Hello,
It's great that Moodle are putting together a Privacy API, what I'm currently struggling with pertains to the definition of 'personal data' from a GDPR legal standpoint to know and understand what data in my plugins needs to comply. So with reference to https://moodle.org/mod/forum/discuss.php?d=365857#p1475972 - as administrators are users who are people then clearly the data they enter would be covered when attributed to (and logged as an event) then they have a right to be forgotten to.
As 'personal data' is defined in GDPR as 'means any information relating to an identified or identifiable natural person (‘data subject’); an identifiable natural person is one who can be identified, directly or indirectly, in particular by reference to an identifier such as a name, an identification number, location data, an online identifier or to one or more factors specific to the physical, physiological, genetic, mental, economic, cultural or social identity of that natural person;'. So clearly the 'user id' is such, but what about other data associated with it? Is the whole aspect here to determine if a bit of data can directly or indirectly be tracked back to a given user then it needs to have the rights of: knowing of it, knowing its value and to be deleted.

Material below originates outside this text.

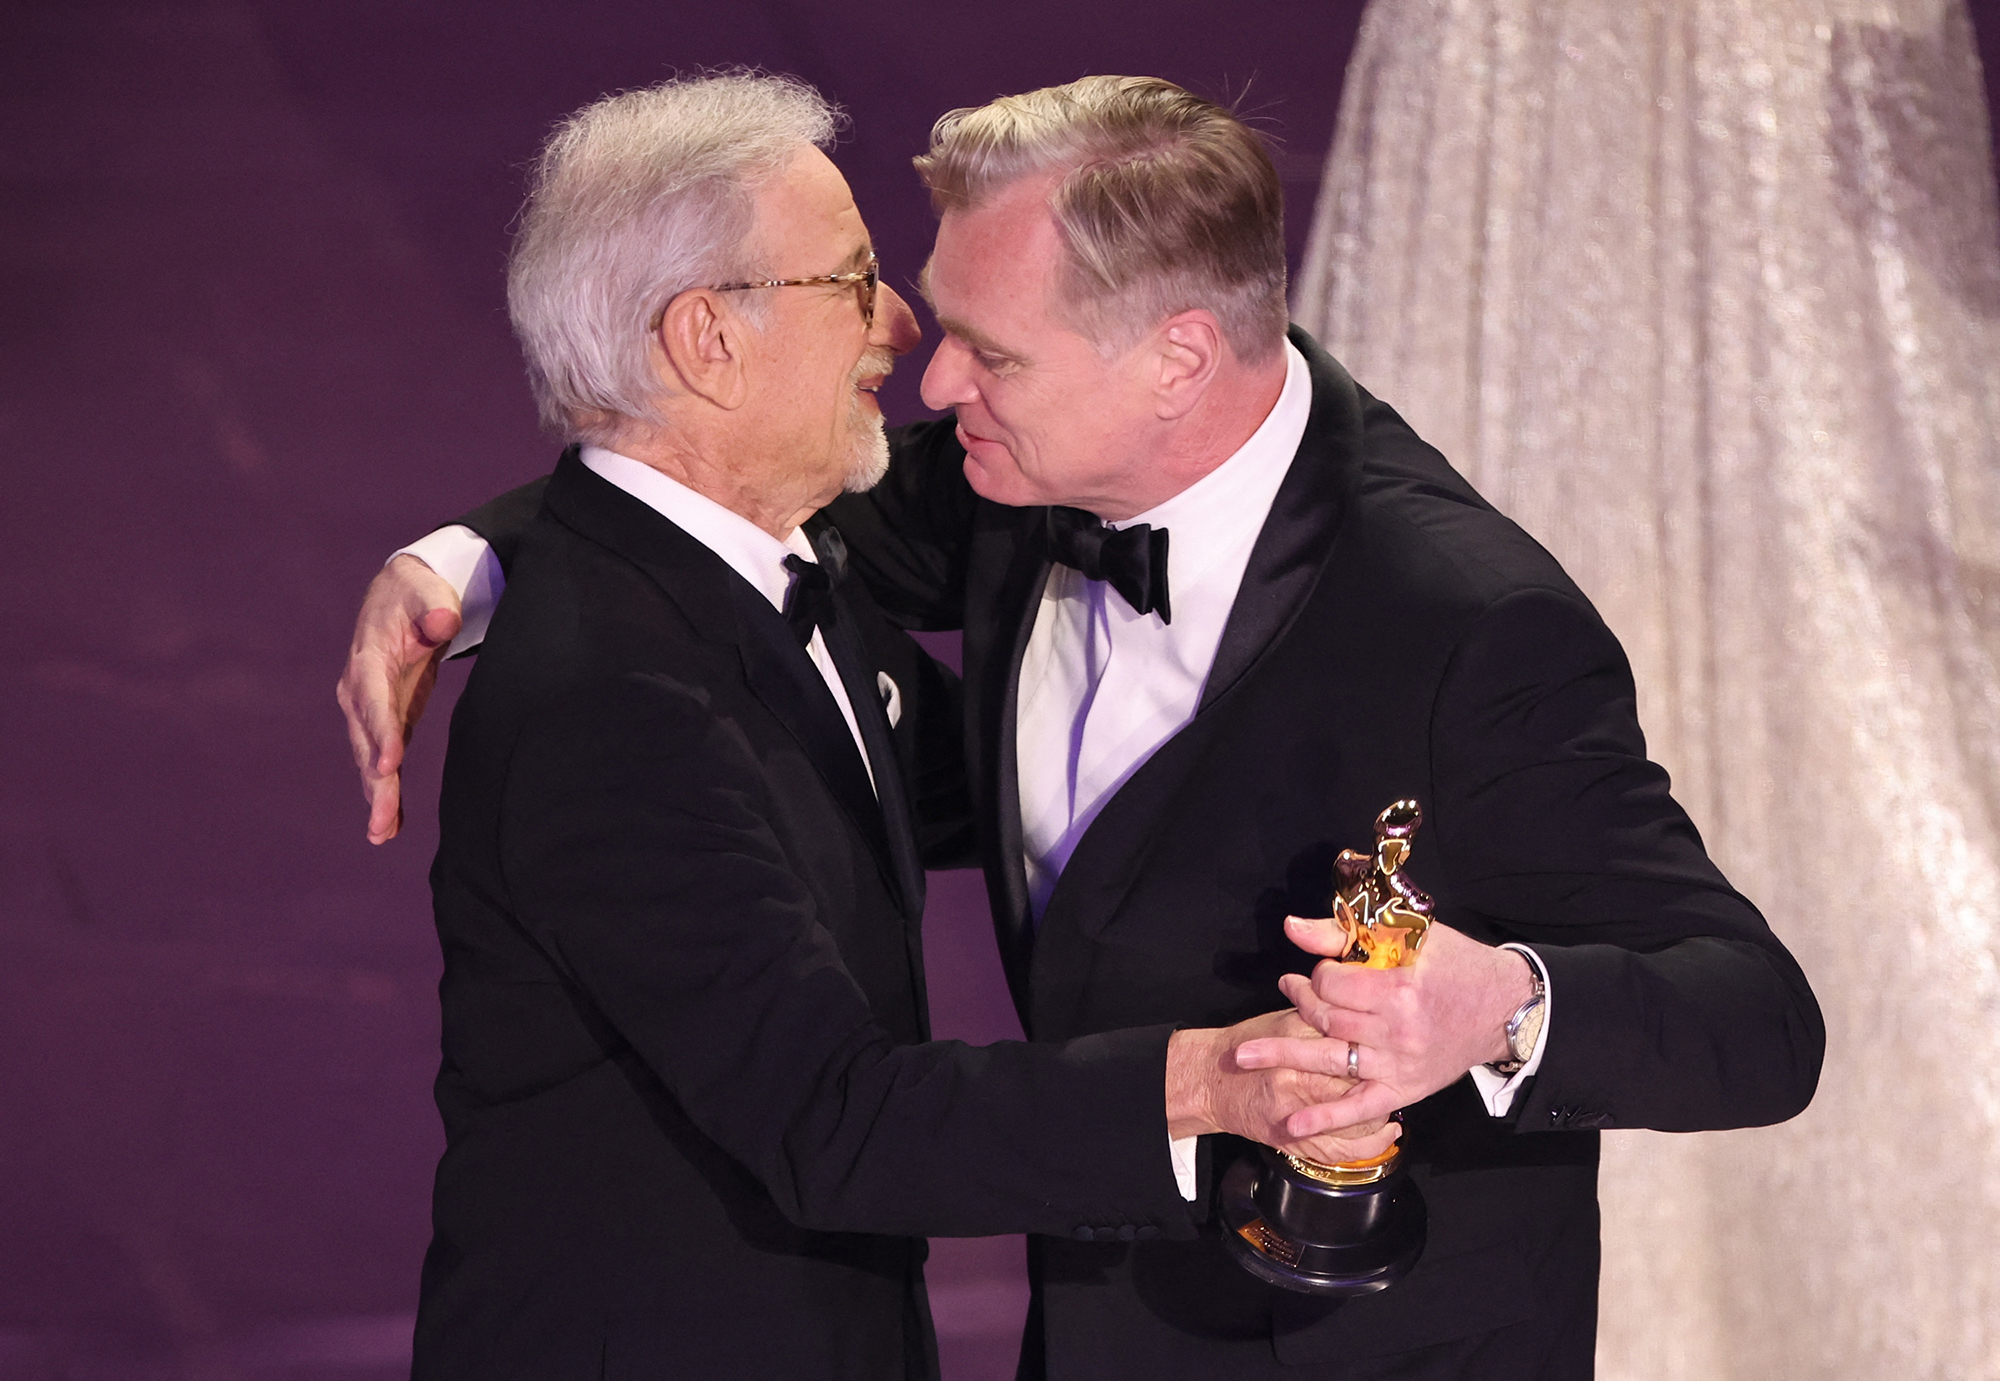 Steven Spielberg presents Christopher Nolan with the Oscar for best director.

Take the scenario of an administrator setting the colour of a theme, then if the theme does not associate a user id with that colour value via any storage mechanism then possibly no need to worry about GDPR. But what if the action is logged? Then given one element of data being the colour setting value then you could indirectly track back to the administrator who set it. Thus they would have the right for the data to be deleted and the defaults set.
Another scenario is the developers rights, as we are people too. So if I were to remove a plugin from the Moodle.org database then I could request under GDPR that everyone delete that plugin as the PHP files have my name and contact details = personal identification of a user with data stored on a computer. If valid, how would this scenario be handled?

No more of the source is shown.